Caprichosos 1985 - No momento de redemocratização, várias escolas aproveitaram para dar seu recado a favor da democracia. A Caprichosos, escola modesta, conhecida por fazer críticas bem humoradas, atingiu seu auge num desses enredos, em 1985. “E por falar em saudade…”, idealizado por Luiz Fernando Reis, propunha uma ideia de nostalgia e críticas aos tempos “atuais”. O samba de Almir de Araújo, Balinha, Marquinho Lessa, Hércules e Carlinhos de Pilares criticava a ditadura, “Diretamente, o povo escolhia o presidente”, além de criticar a inflação “se comia mais feijão” e “a gasolina barata”. Seria o samba mais popular daquele ano, com seu refrão chiclete “Tem bumbum de fora pra chuchu/ Qualquer dia é todo mundo nu”.

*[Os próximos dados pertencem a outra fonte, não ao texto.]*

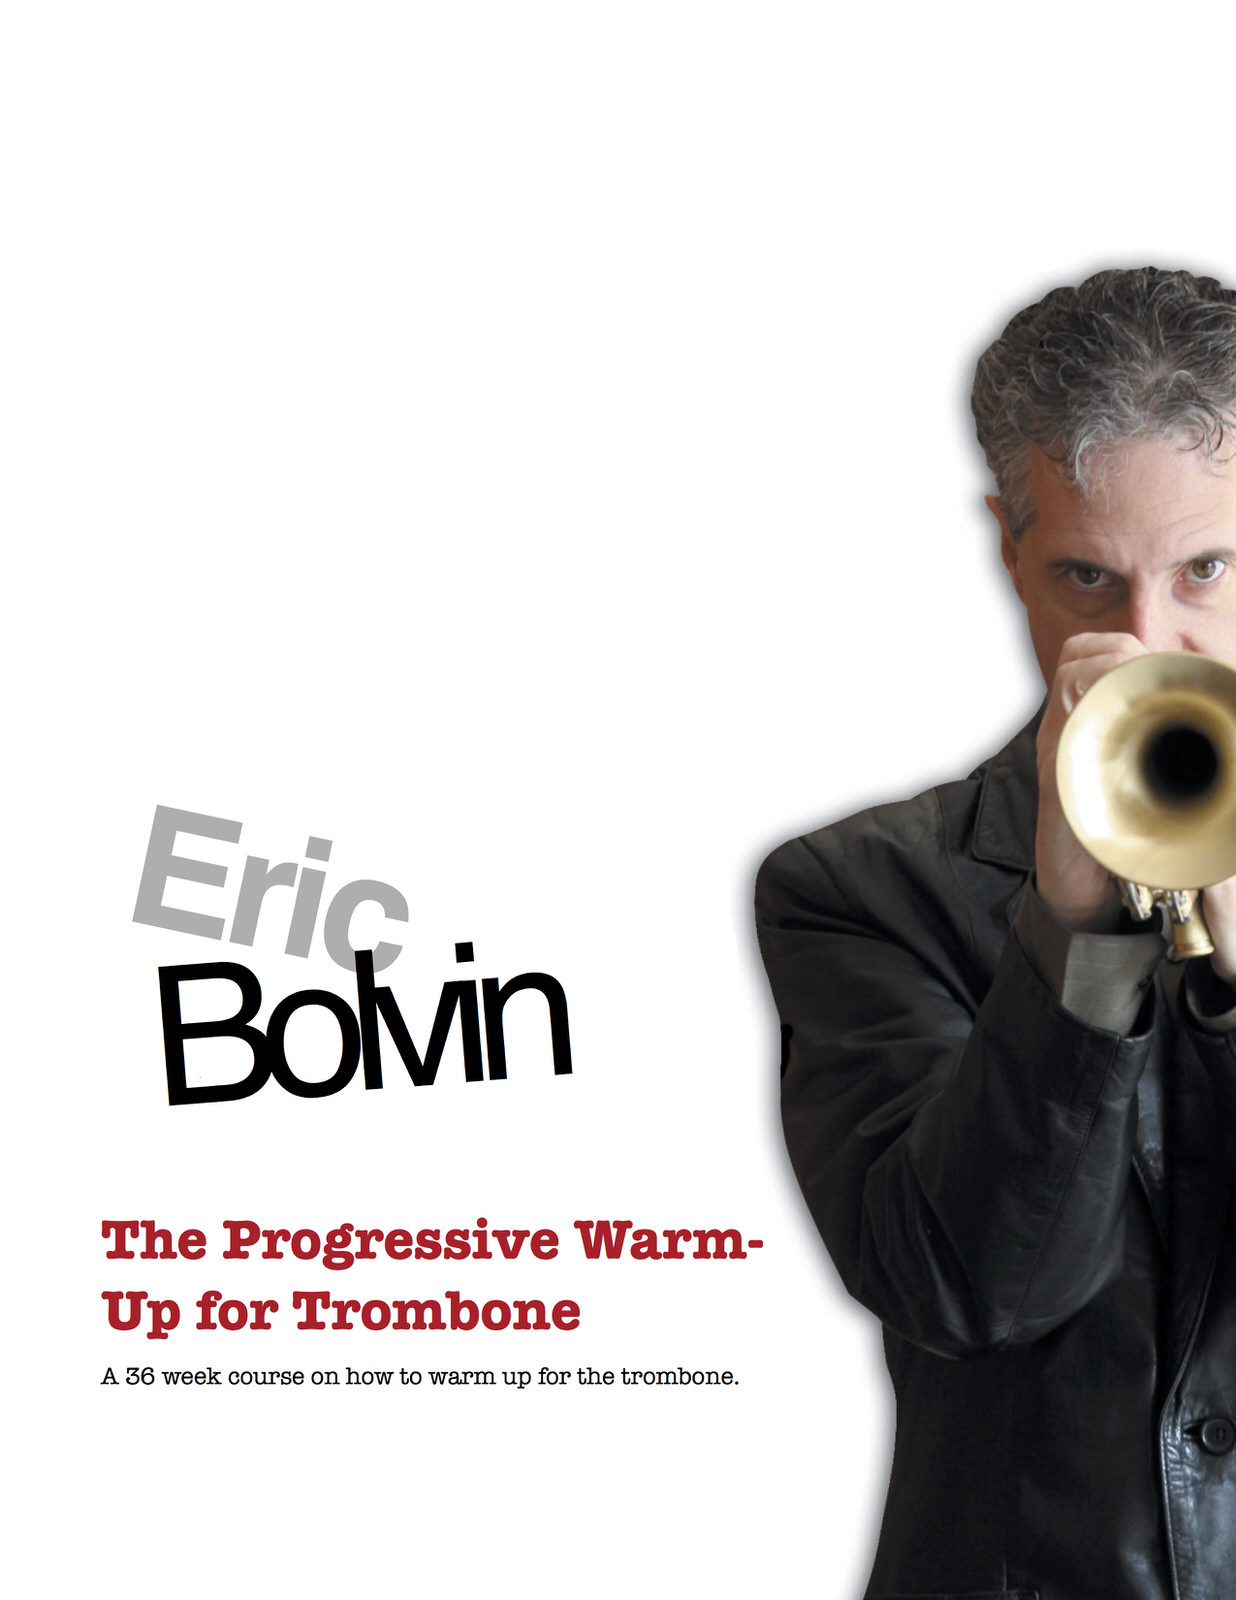 Bolvin, The Progresive Warm Up trombone

Império Serrano 1986 - em 86 foi a vez do Império Serrano dar seu recado. O samba chamado “Eu Quero” exprimia o que a população queria naquela época.

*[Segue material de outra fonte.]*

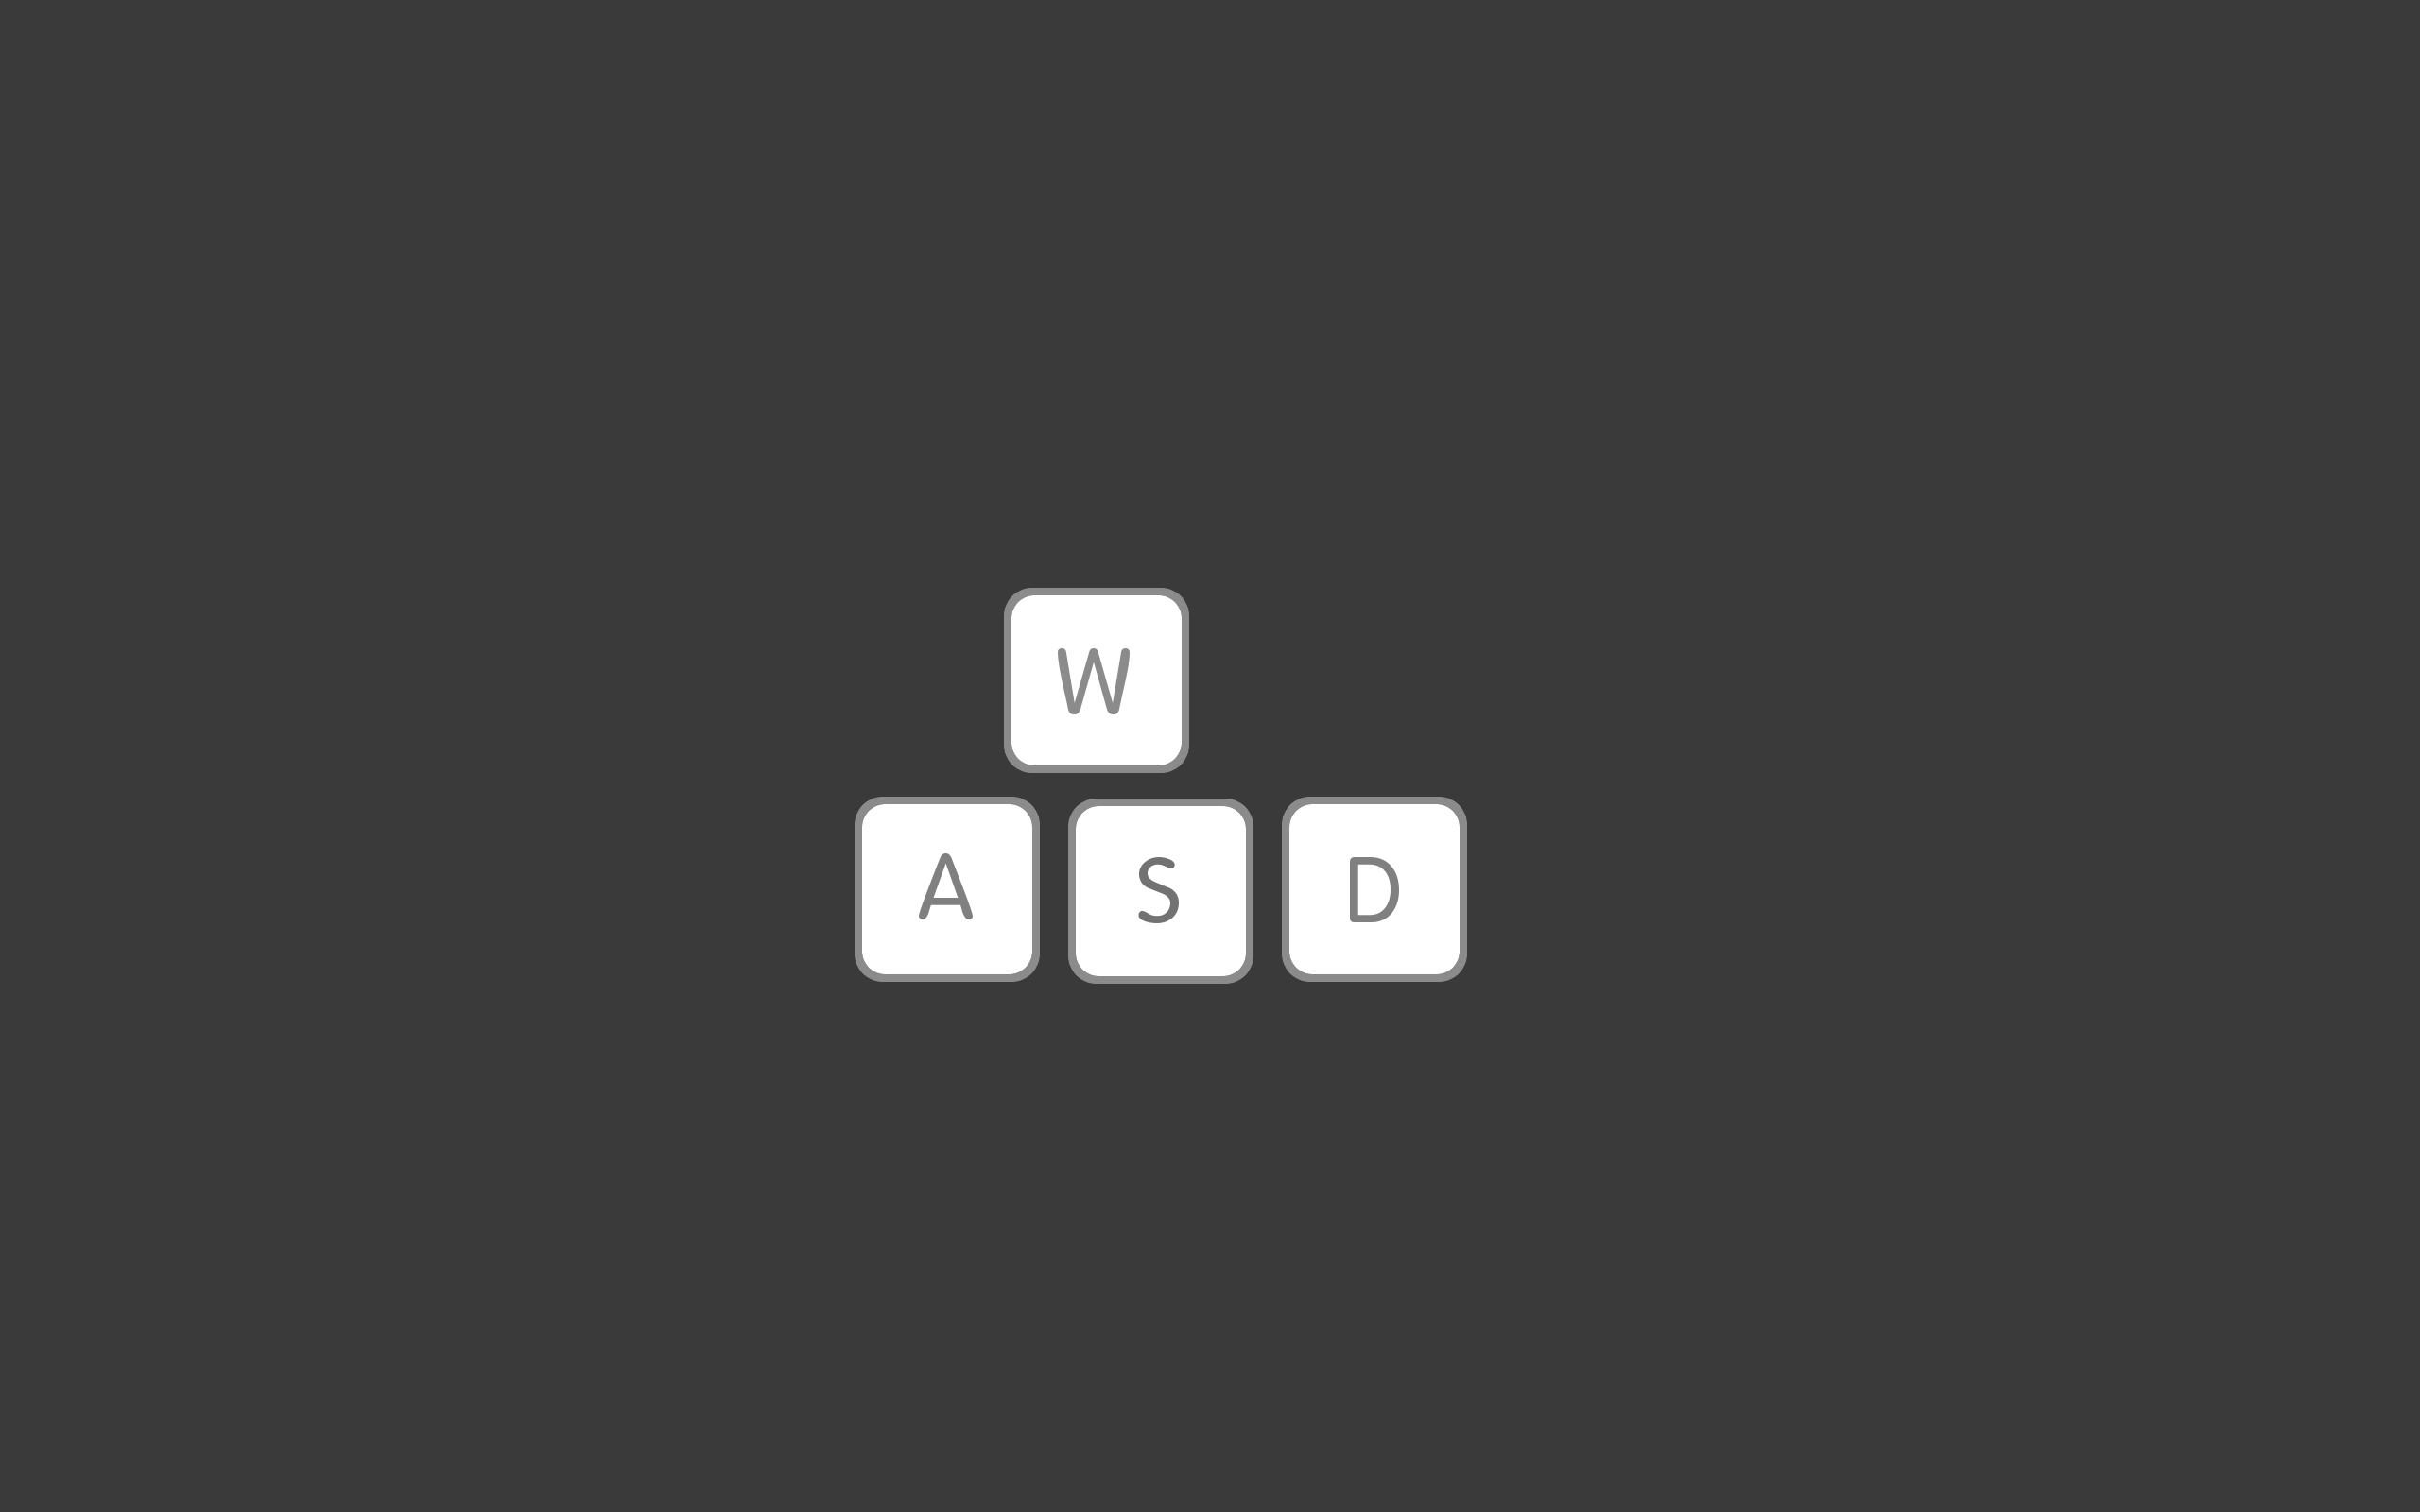 Video games minimalistic mac gray keyboards gaming pc games wallpaper .

“Quero que meu amanhã, meu amanhã
Seja um hoje bem melhor, bem melhor
Uma juventude sã
Com ar puro ao redor (bis)

Quero nosso povo bem nutrido
O país desenvolvido
Quero paz e moradia
Chega de ganhar tão pouco
Chega de sufoco e de covardia”

O samba de Aluísio Machado, Jorge Nóbrega e Luiz Carlos do Cavaco ainda criticava a ditadura nos versos “Me dá, me dá/ Me dá o que é meu/ Foram vinte anos/ Que alguém comeu” numa referência aos vinte anos de governo militar. Esta obra ganharia o Estandarte de Ouro do Jornal O Globo de melhor samba enredo, maior premiação no meio carnavalesco.

São Clemente 1987 - A simpática escola da Zona Sul carioca é tradicional em fazer duras críticas. Em 87 foi tratada a questão do menor de rua. O samba de Izaias de Paula, Jorge Moreira e Manuelzinho Poeta trata de questões sociais importantíssimas sendo até hoje um dos maiores da história da escola. Os versos “Se hoje ele é mau orientado/ Será marginalizado/ Nas manchetes de amanhã” são atuais e parecem estar longe de serem solucionados.

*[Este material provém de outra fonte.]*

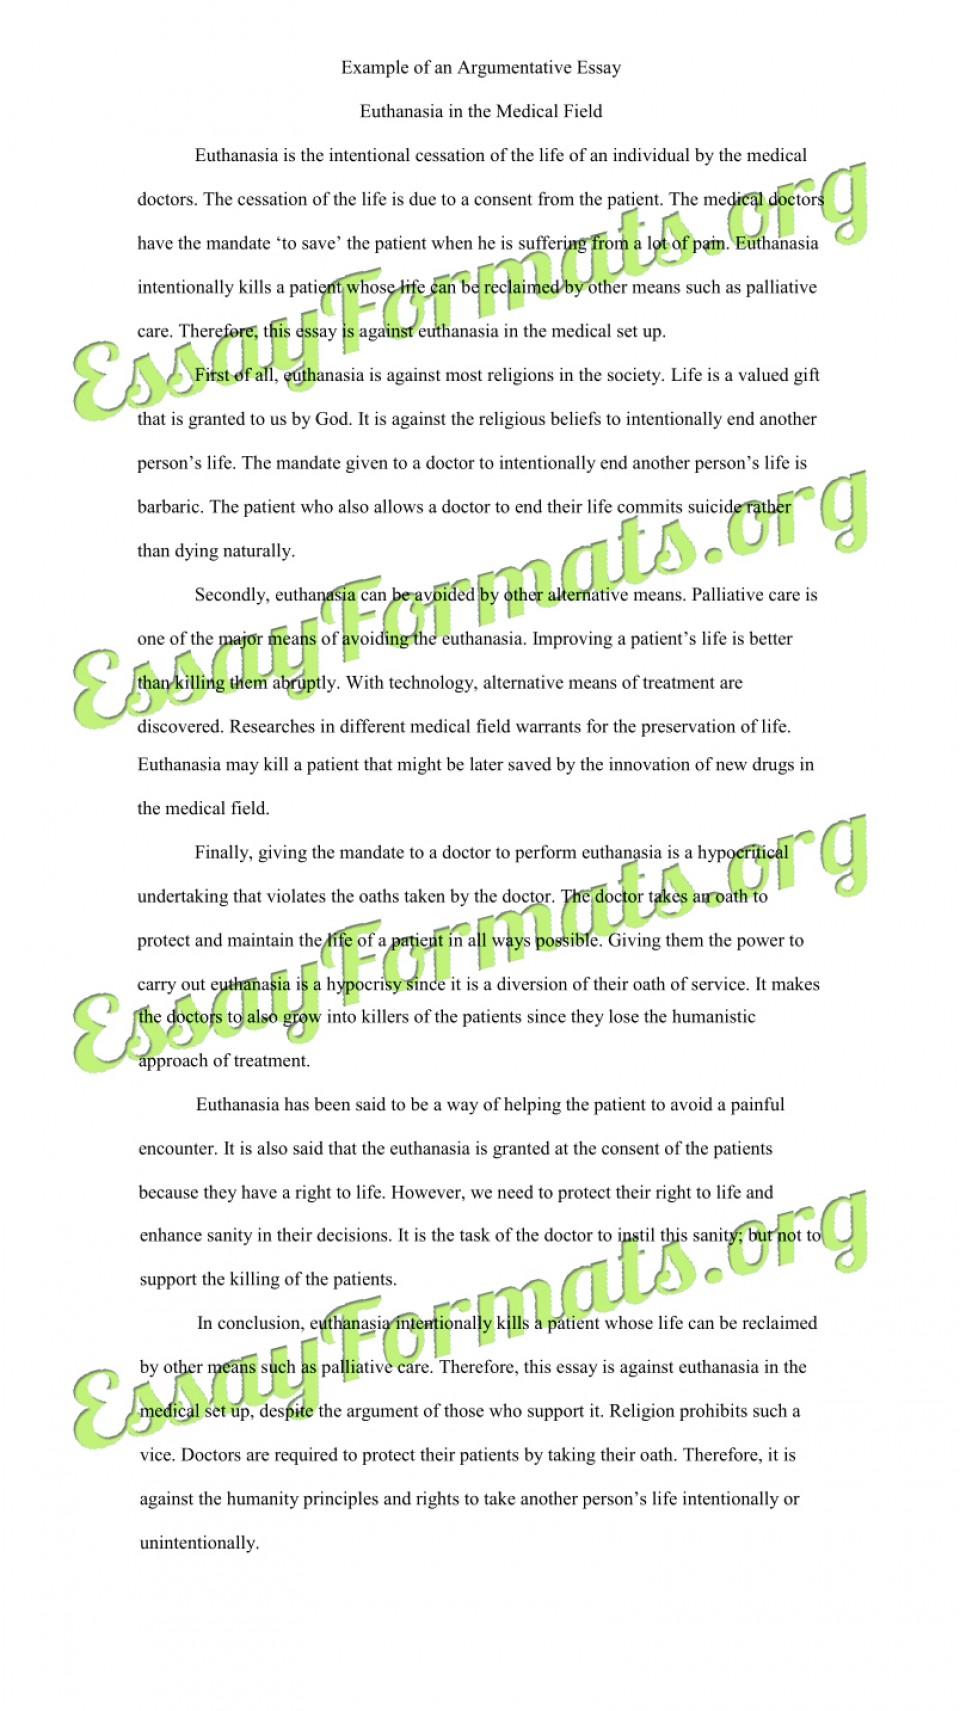 005 Essay Example Euthanasia Argumentative Counter Argument Persuasive Examples L Stirring Pdf Introduction Outline 960

Mangueira 1988 - No ano em que a Lei Áurea completou 100 anos, a escola mais popular do carnaval desfilou com um verdadeiro tapa na cara em forma de samba enredo. O samba exaltava a figura do negro, e colocava em xeque o destino daqueles que sofreram com a escravidão no pós Lei Áurea. “Pergunte ao criador/ Quem pintou esta aquarela/ Livre do açoite da senzala/ Preso na miséria da favela”. Era considerado o samba mais bonito do carnaval, mas que porém foi vencido pela apoteótica “Kizomba, a festa da raça” que também colocava o negro como o grande protagonista da mais popular de nossas festas.